The icing on the cake was that waterfront robberies were largely risk free. The docks, in the local parlance, were totally ‘boxed off’ – the workers who ran them were on the take and ‘onside’. Dockers, lorry drivers and security guards were mostly friends and family into making a few quid by putting up tasty work, turning a blind eye and ‘rolling over’ on put-up raids.
Grimwood robbed the docks blind. And when the money ran out he robbed them some more. As fast as he could clean them out, ships from the four corners of the Empire and the factories of Northern England filled them up again. Seemingly, the warehouses never ran dry. It was a dream enterprise and it was big business.
In the oak-panelled cabin boardrooms of the marine insurers, from the Liver Building to Lloyds of London, eyebrows were being raised at the horrific attrition rate; not that the plunder was a new phenomenon. The large-scale organised ransacking of stores had started ten to fifteen years before during the Second World War, when the US Army had been forced to create special cadres to stop the raiders stealing army cigarettes and looting bombed warehouses. But by the 1950s the problem was putting the economic viability of Liverpool’s port at risk.
To beat the raiders, exporters like Timpson’s shoes began splitting up their cargoes – left feet in one ship, right on another, so that the hijackers were left with lorryloads of stolen but unsellable single-foot shoes. In a desperate bid to stop the haemorrhaging, the electrical goods company Remington removed the magnetic motors from their top-of-the range razors and stored them in separate warehouses, miles apart from their plastic cases. But the raiders simply slipped the cargo handlers bigger bribes to pinpoint the exact locations of the various components, so that they could be robbed piecemeal and reassembled later.
Finally, in the mid-’60s, faced with huge losses from theft, the Port Authority of Liverpool invested millions of pounds into containerisation – the transport of cargo in relatively secure steel containers. But the mobs simply switched from robbing the fenced-in dock areas to the hundreds of less-secure holding warehouses that funnelled unpackaged goods into them, scattered all over the northwest. It was no surprise that the Grimes family prefab became an Aladdin’s Cave of stolen goods.
* * *
PAUL: There were racks of new American suits in the wardrobes and crates of single malt Scotch off’ve the docks, three-deep up the walls. When televisions came out there were blocks of them up to the roof. You had to climb over them to get out the door. Bowls full of jewellery had off from the safes and that spilled over under the bed. It got so chocca that we were forced to move into our grandma’s house. There was no room for us to sleep; the place was so rammed tight with swag.

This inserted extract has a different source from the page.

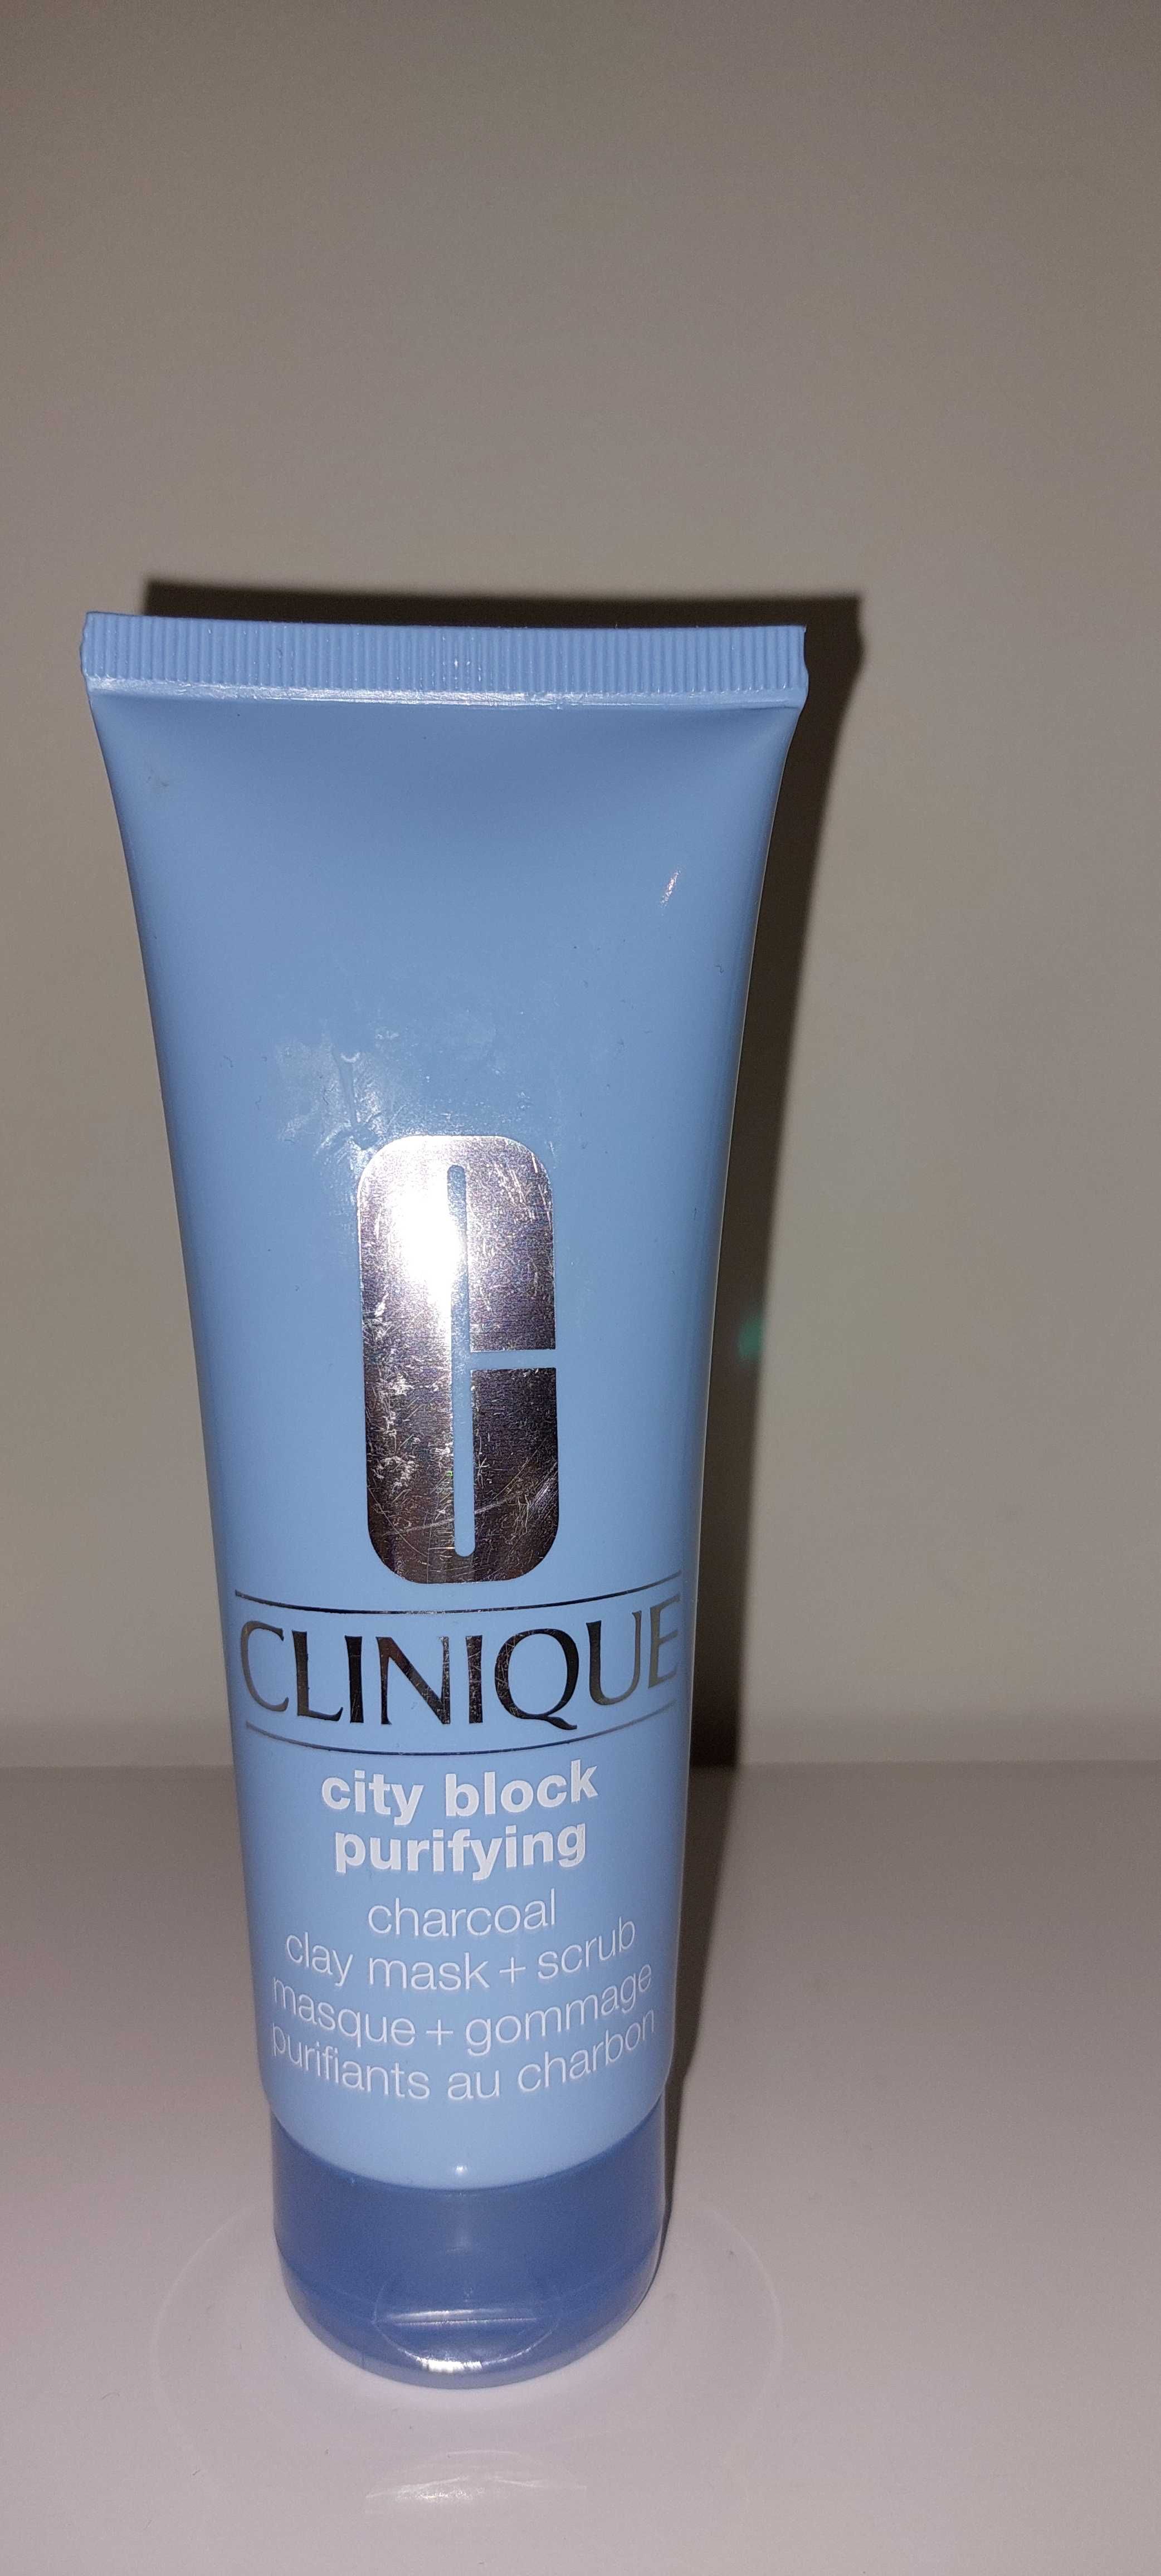 Clinique City Block Purifying Charcoal Clay Mask

Grimwood was the top boy. He was a blagger. Ronnie was a grafter, into warehouses and factories and that. Grimwood wore a tuxedo, even if he was going down to the local boozer and that. He was that rough, in all fairness. He used to stand over his wife while she ironed his white shirts. If it wasn’t done right, he’d throw it back in her face and call her a piece of shit.
It was a bit thingio, in all fairness. But it’s one of them, isn’t it? What can you do, when you’re just a kiddie? But on the street everyone loved him. The dockers loved him because he always boxed them off if he had a good touch off’ve one of their tips. The card-markers loved him; if he blew up a safe it was get paid for them. And the crews loved him because he put dough in their backbins and stopped other villains from robbing it off them.